# Dataset extract
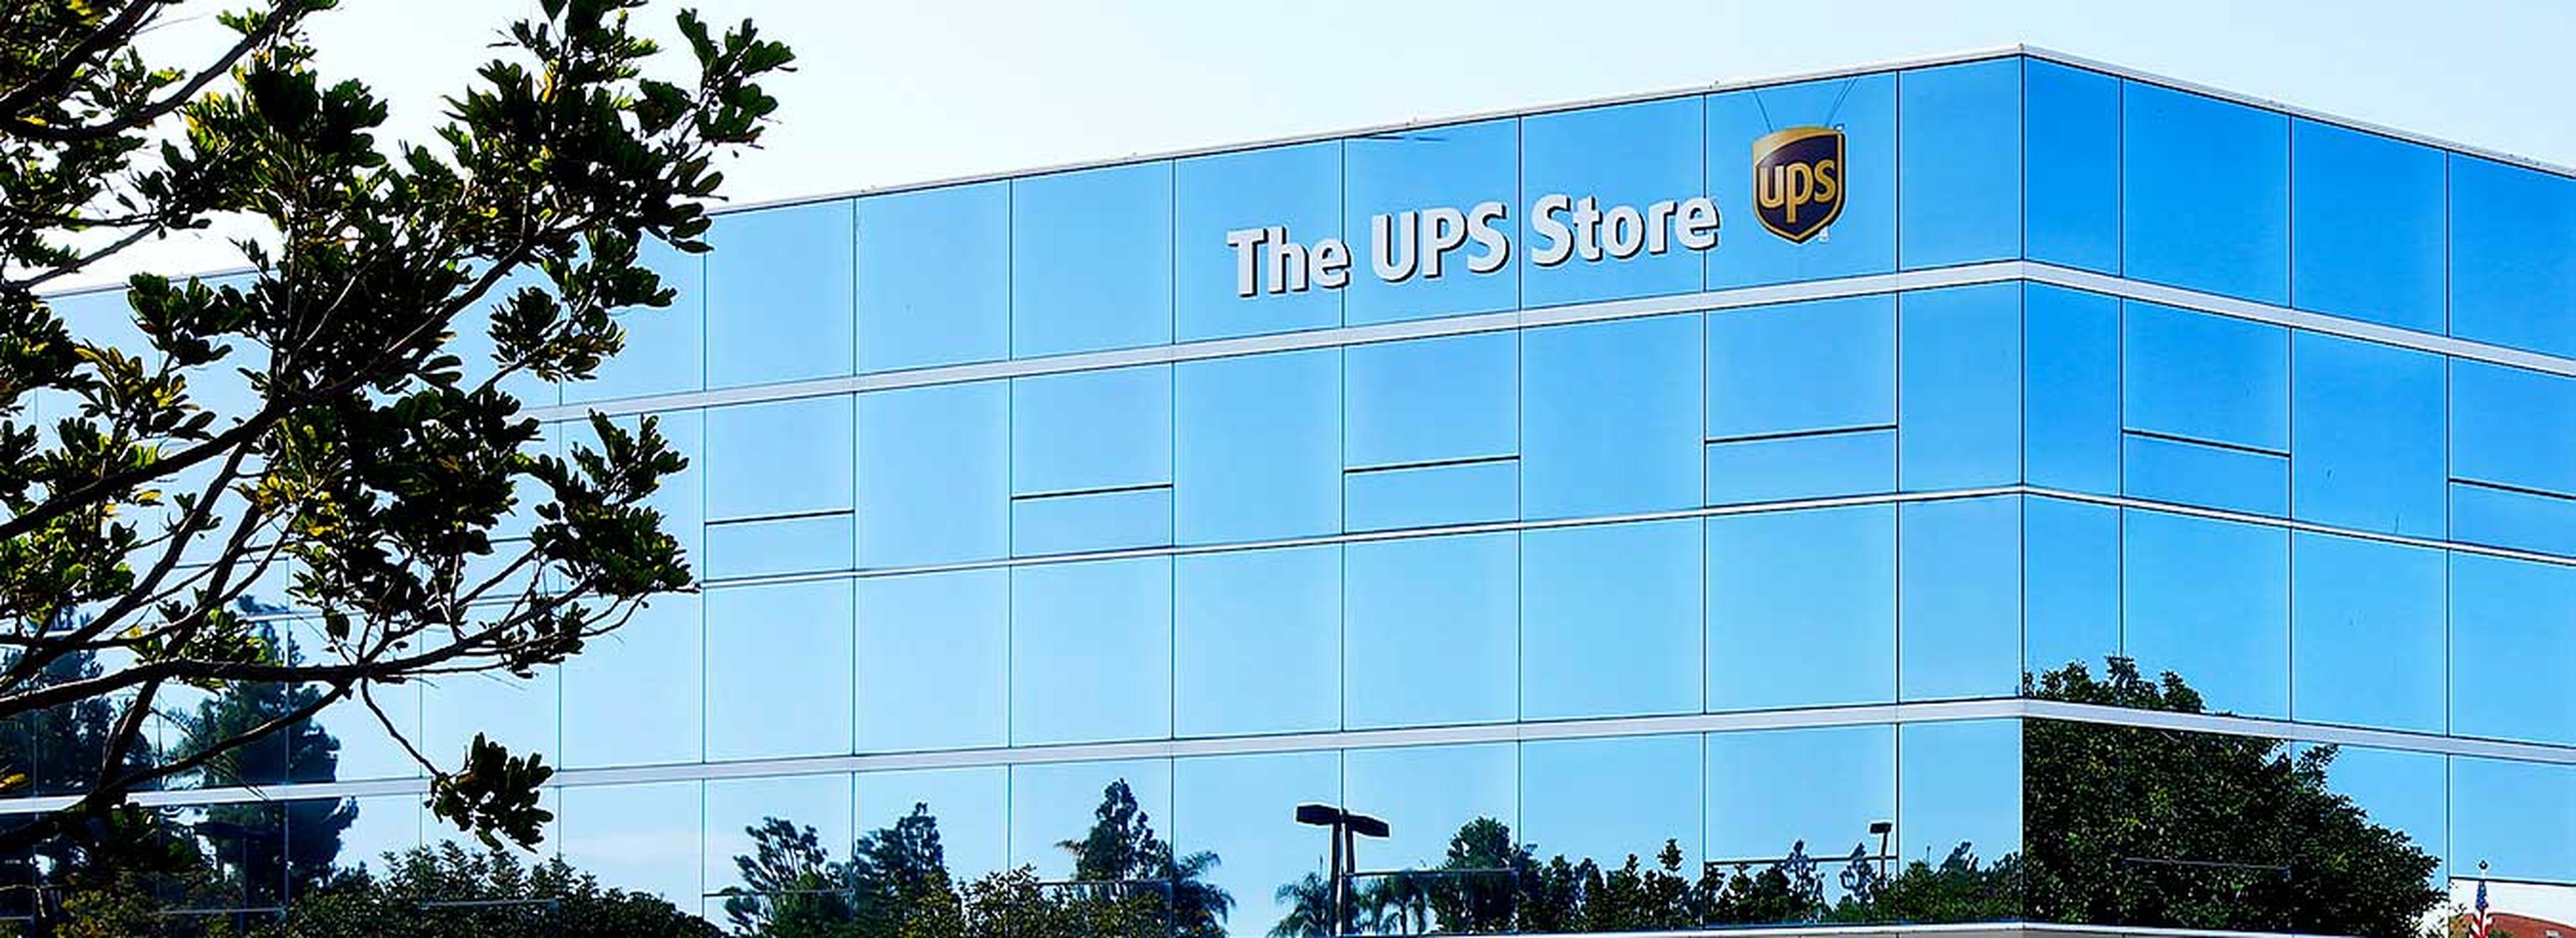 The UPS store
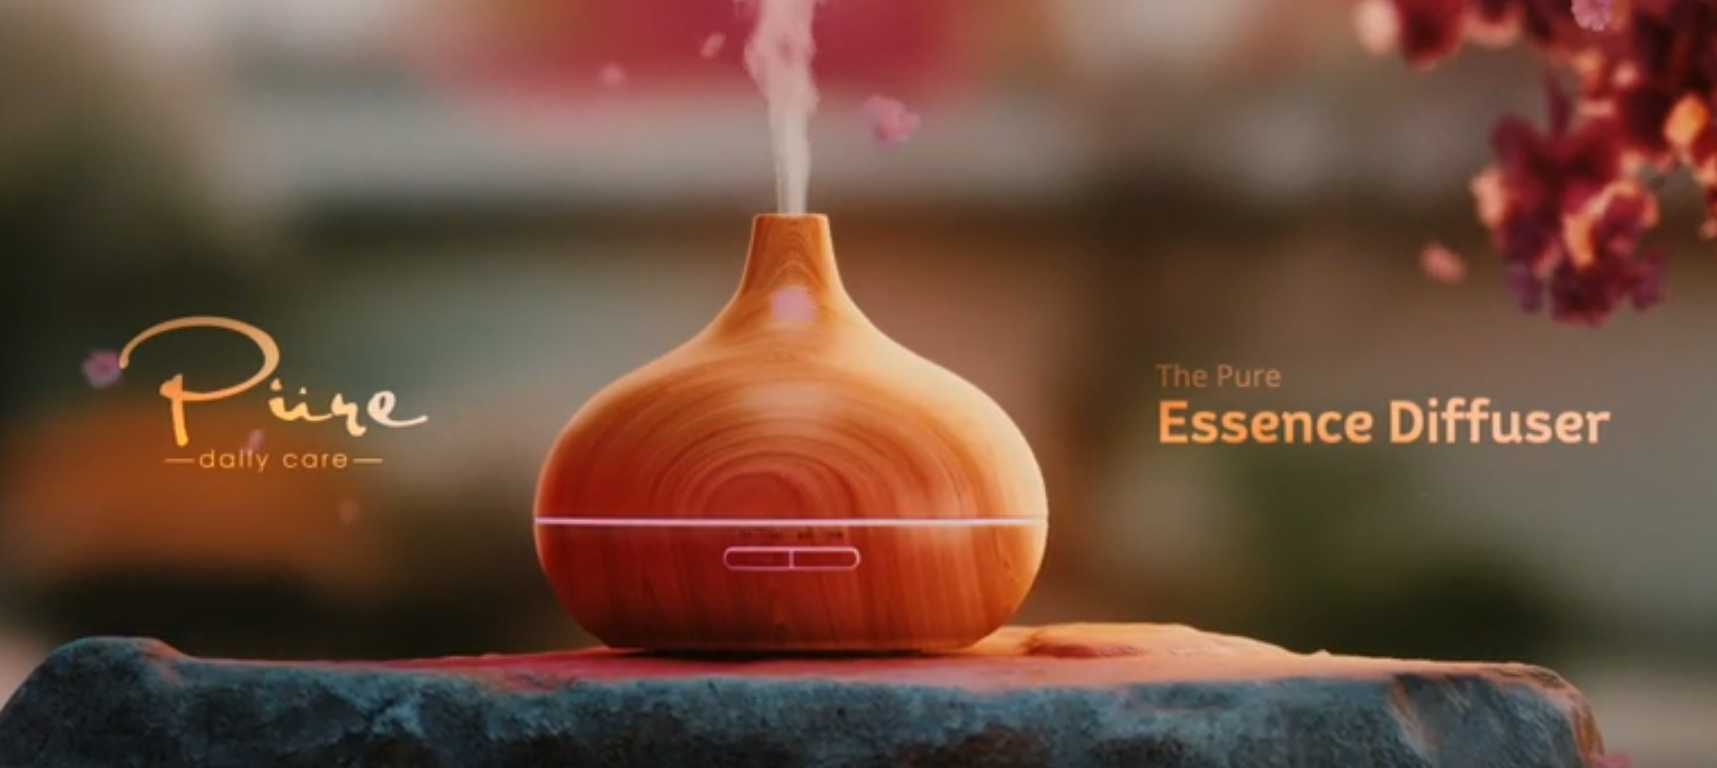 Aromatherapy Diffuser& Essential Oil Set - Ultrasonic Diffuser &Top 10
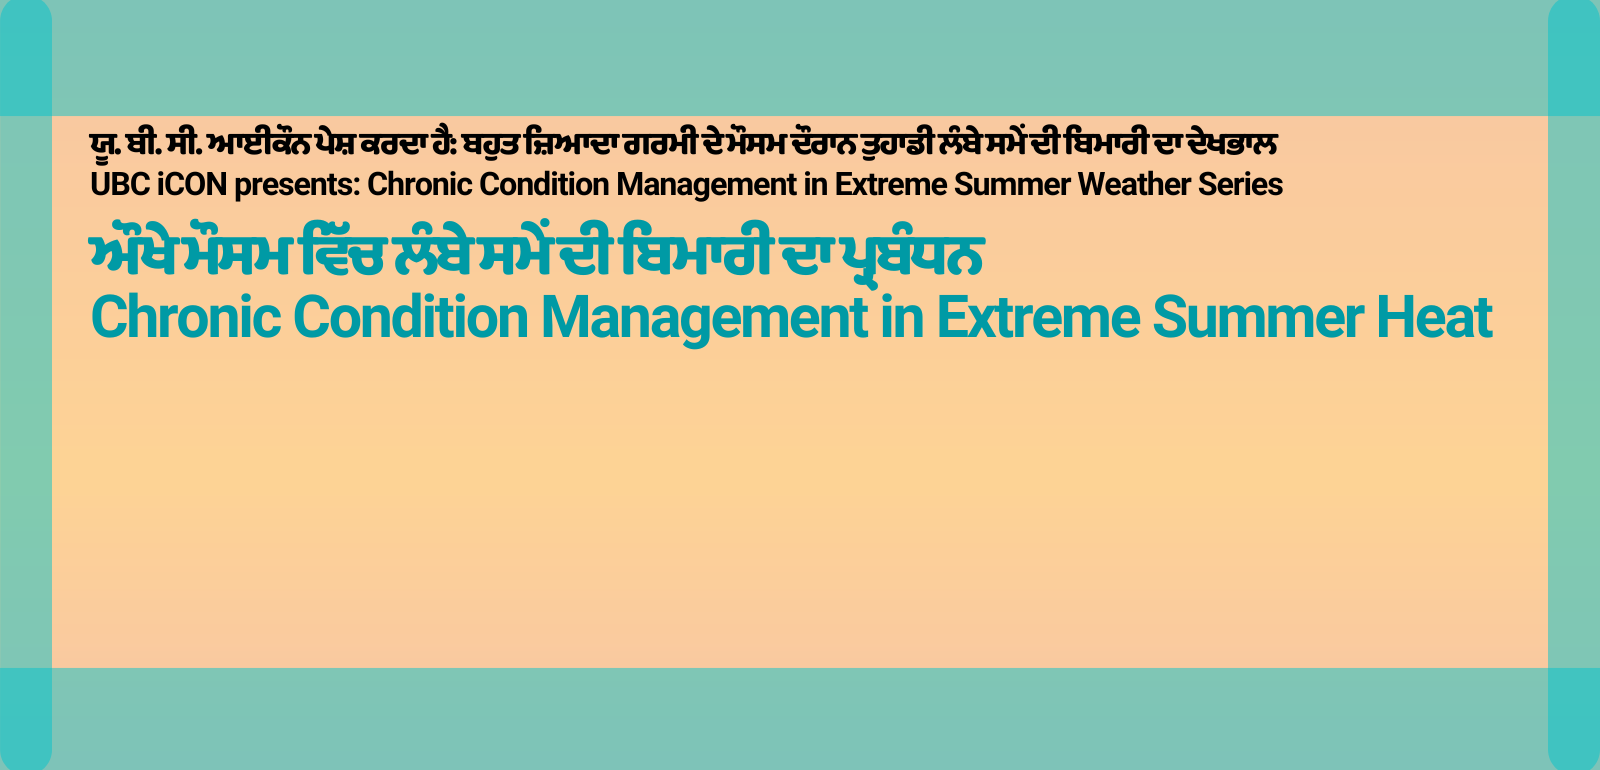 Chronic Condition Management in Extreme Summer Heat

# What the task asks
A faithful copy of all the data above, without its pictures, is the expected result.

# Answer
 The UPS store
 Aromatherapy Diffuser& Essential Oil Set - Ultrasonic Diffuser &Top 10
 Chronic Condition Management in Extreme Summer Heat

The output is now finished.